Question

In the circuit shown, current (in A) through the 50V and 30V batteries are, respectively :

A. 3.5 and 2
B. 3 and 2.5
C. 2.5 and 3
D. 4.5 and 1

Answer 1

Find the currents through the resistances of 20$\Omega$ and 10$\Omega$ by using Ohm’s law. Then use junction law at points C and A and find the currents through both the 5$\Omega$ resistances in terms of current through battery 50V. Then find the value of the current through battery 50V by applying KVL for the outer loop. Use junction law at point D and then find the relation between the currents through both the batteries. Then find the value of the current in the other battery.

Formula used:
V=iR

Complete answer:
Let us first show the current in all the branches of the given circuit. Let the currents through the batteries of 50 V and 30 V be ${{i}_{1}}$ and ${{i}_{2}}$ respectively and shown in the figure below.

Let the currents through the resistances of 20$\Omega$ and 10$\Omega$ be ${{i}_{3}}$ and ${{i}_{4}}$ respectively.
The potential difference across the 20$\Omega$ resistance is 50V. Therefore, by applying Ohm’s law we get that $50=20{{i}_{3}}$.
$\Rightarrow {{i}_{3}}=\dfrac{20}{50}=2.5A$.
The potential difference across the 10$\Omega$ resistance is 30V. With the same law we get that $30=10{{i}_{4}}$
$\Rightarrow {{i}_{4}}=\dfrac{30}{10}=3A$.
From the junction law at point C, we get the current through the upsides resistance of 5$\Omega$ is ${{i}_{1}}-{{i}_{3}}={{i}_{1}}-2.5$.
Therefore, the potential difference across this resistance is $5\left( {{i}_{1}}-2.5 \right)$.
From the same law at point H, the current through the resistance of 5$\Omega$ down is ${{i}_{3}}-{{i}_{1}}=2.5-{{i}_{1}}$.
Therefore, the potential difference across this resistance is $5\left( 2.5-{{i}_{1}} \right)$.
Now, let us apply Kirchhoff’s loop law for the outer loop ABEFA.
Hence, we get
$50-5\left( {{i}_{1}}-2.5 \right)-30+5\left( 2.5-{{i}_{1}} \right)=0$
$\Rightarrow 20-5{{i}_{1}}+2.5(5)+2.5(5)-5{{i}_{1}}=0$
$\Rightarrow 20-10{{i}_{1}}+25=0$
$\Rightarrow {{i}_{1}}=\dfrac{45}{10}=4.5A$.
Therefore, the current through the battery of 50V is 4.5A.
Similarly, from the junction law at point D, we get the current through the upsides resistance of 5$\Omega$ is ${{i}_{3}}-{{i}_{2}}=3-{{i}_{2}}$.
But we already found the current equal to ${{i}_{1}}-2.5$.
This means that ${{i}_{1}}-2.5=3-{{i}_{2}}$
$\Rightarrow {{i}_{2}}=5.5-{{i}_{1}}$
Substitute the value of ${{i}_{1}}$.
$\Rightarrow {{i}_{2}}=5.5-4.5=1A$.
Therefore, the current through the battery of 30V is 1A.

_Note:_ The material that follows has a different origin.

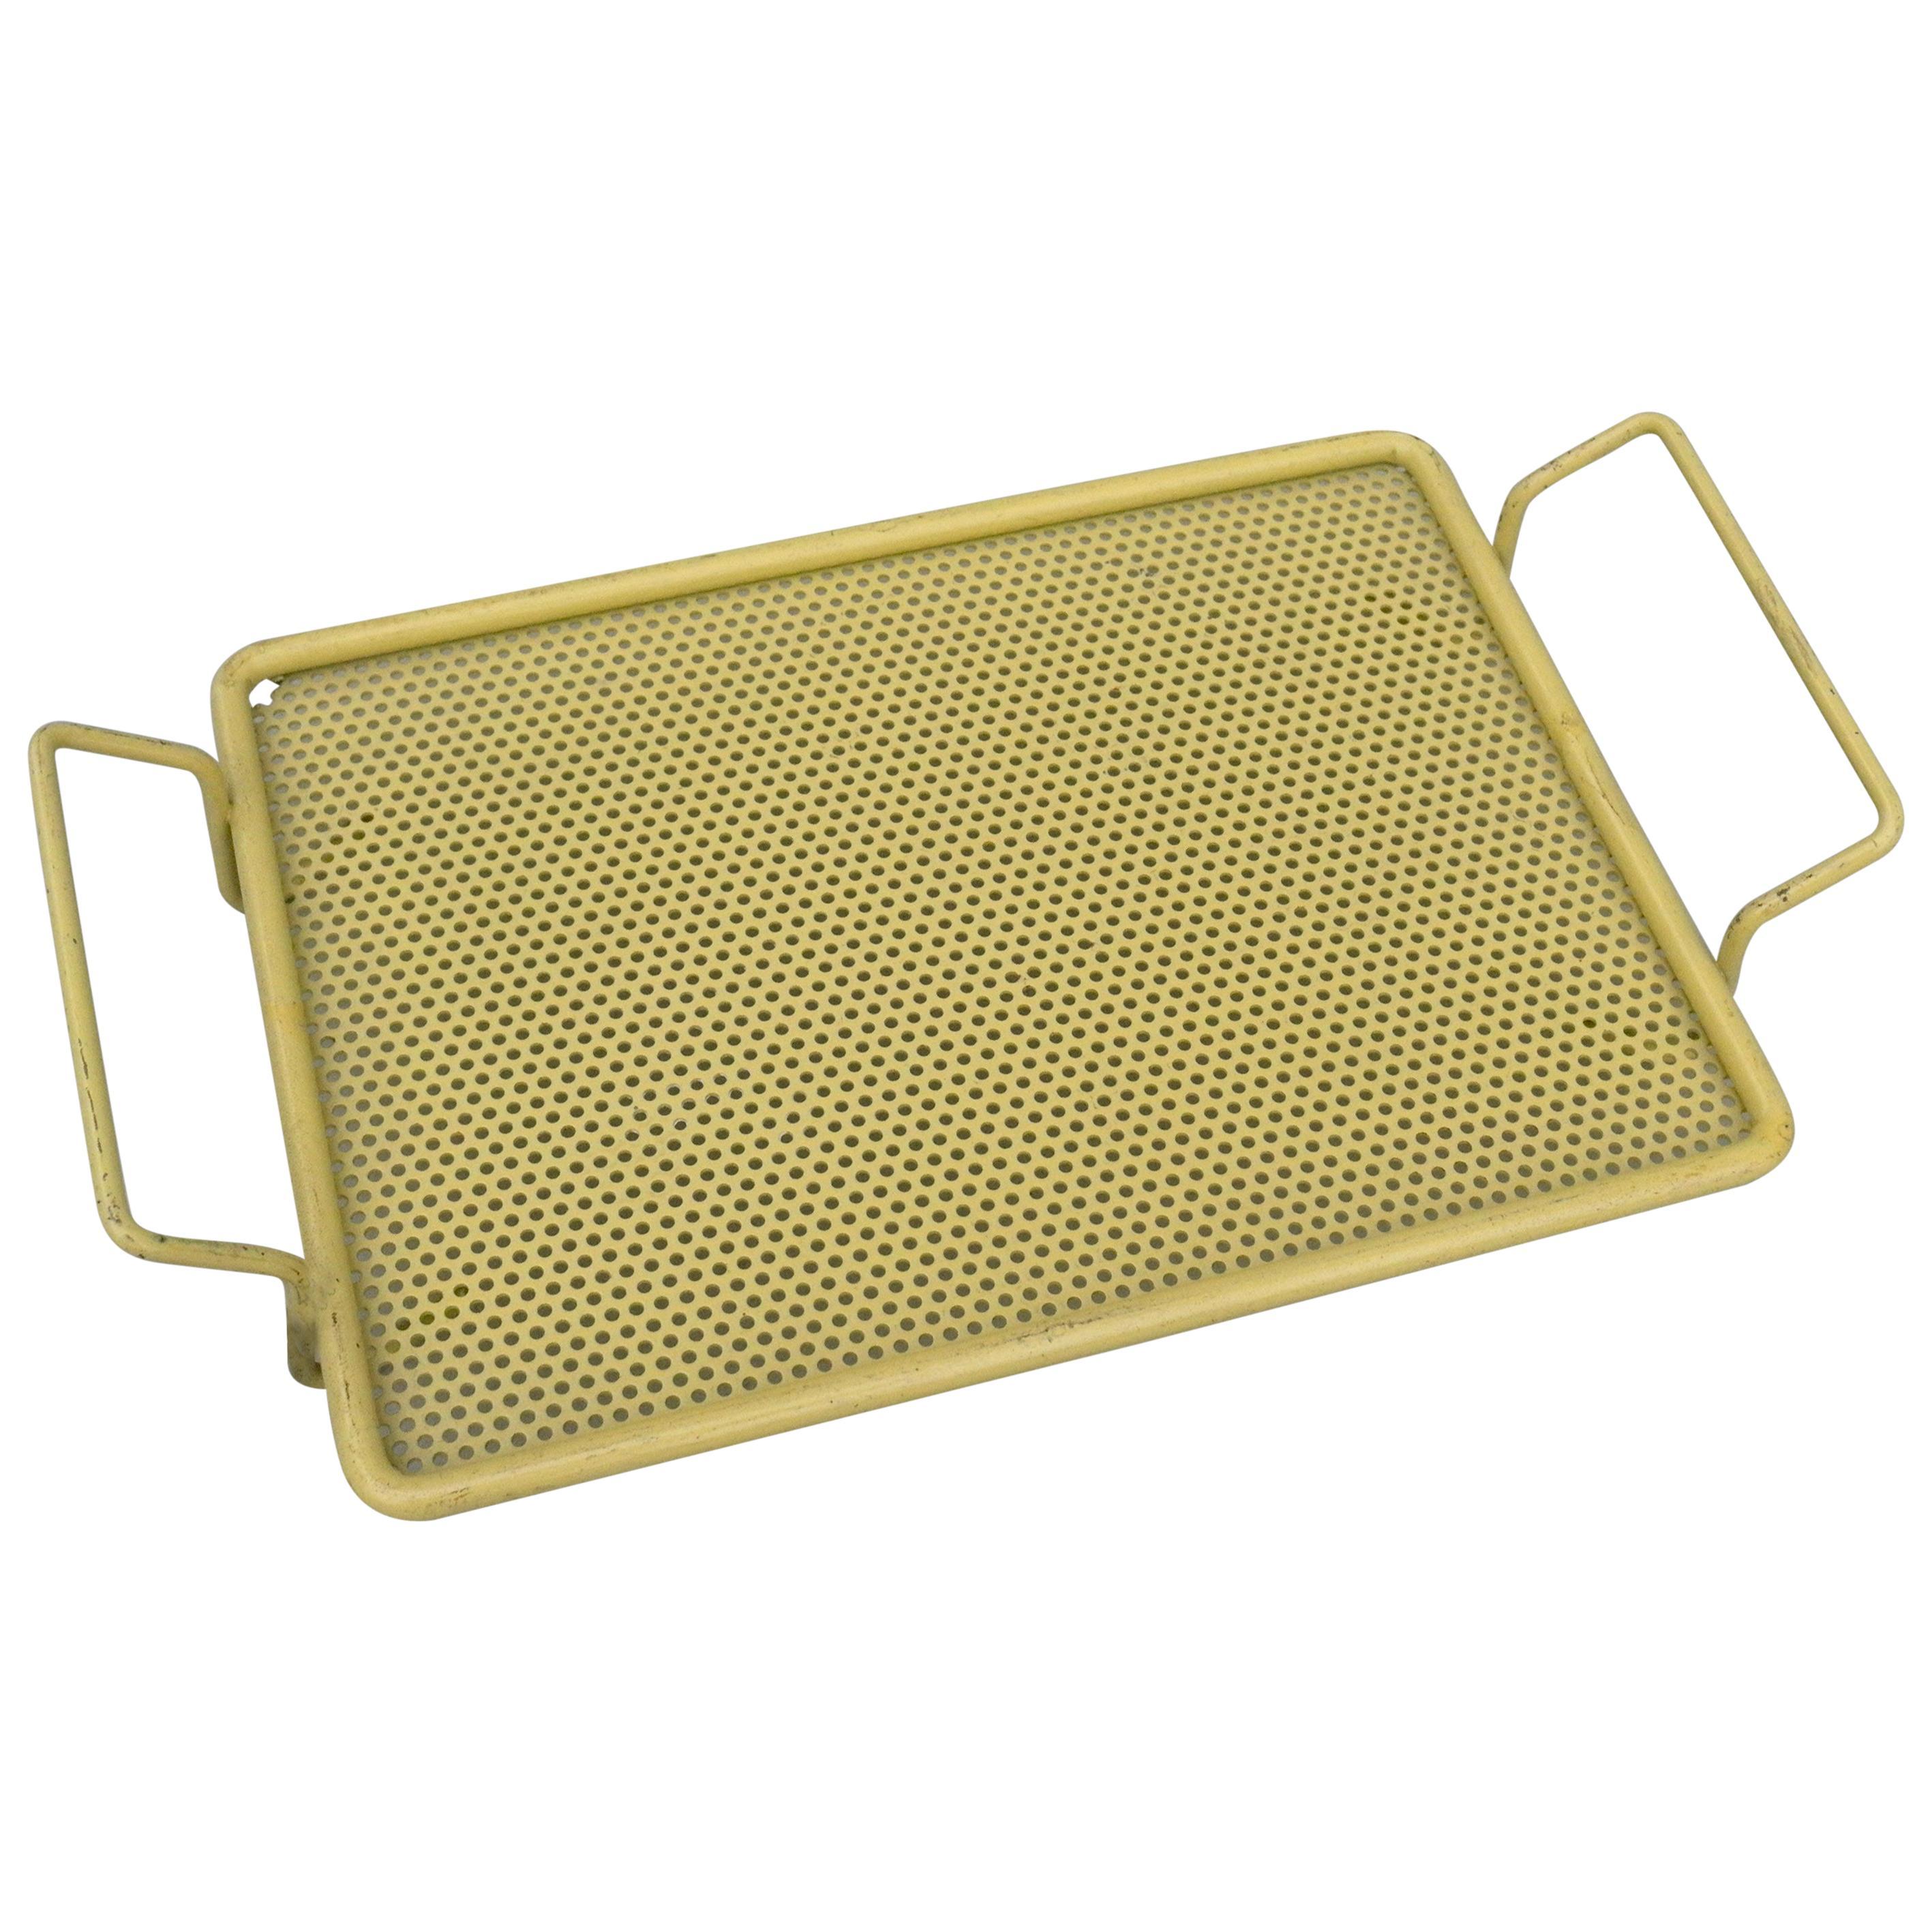 NOS Mathieu Matégot Metal Yellow Bonbonniere Mini serving tray France 1950's

Hence, the correct option is D.

Note: We can also find ${{i}_{2}}$ by applying junction law points D and G and writing the current in both the resistance of 5$\Omega$ in terms of ${{i}_{2}}$. Then apply Kirchhoff’s loop law for the same loop ABEFA. With this we will find the value of ${{i}_{2}}$.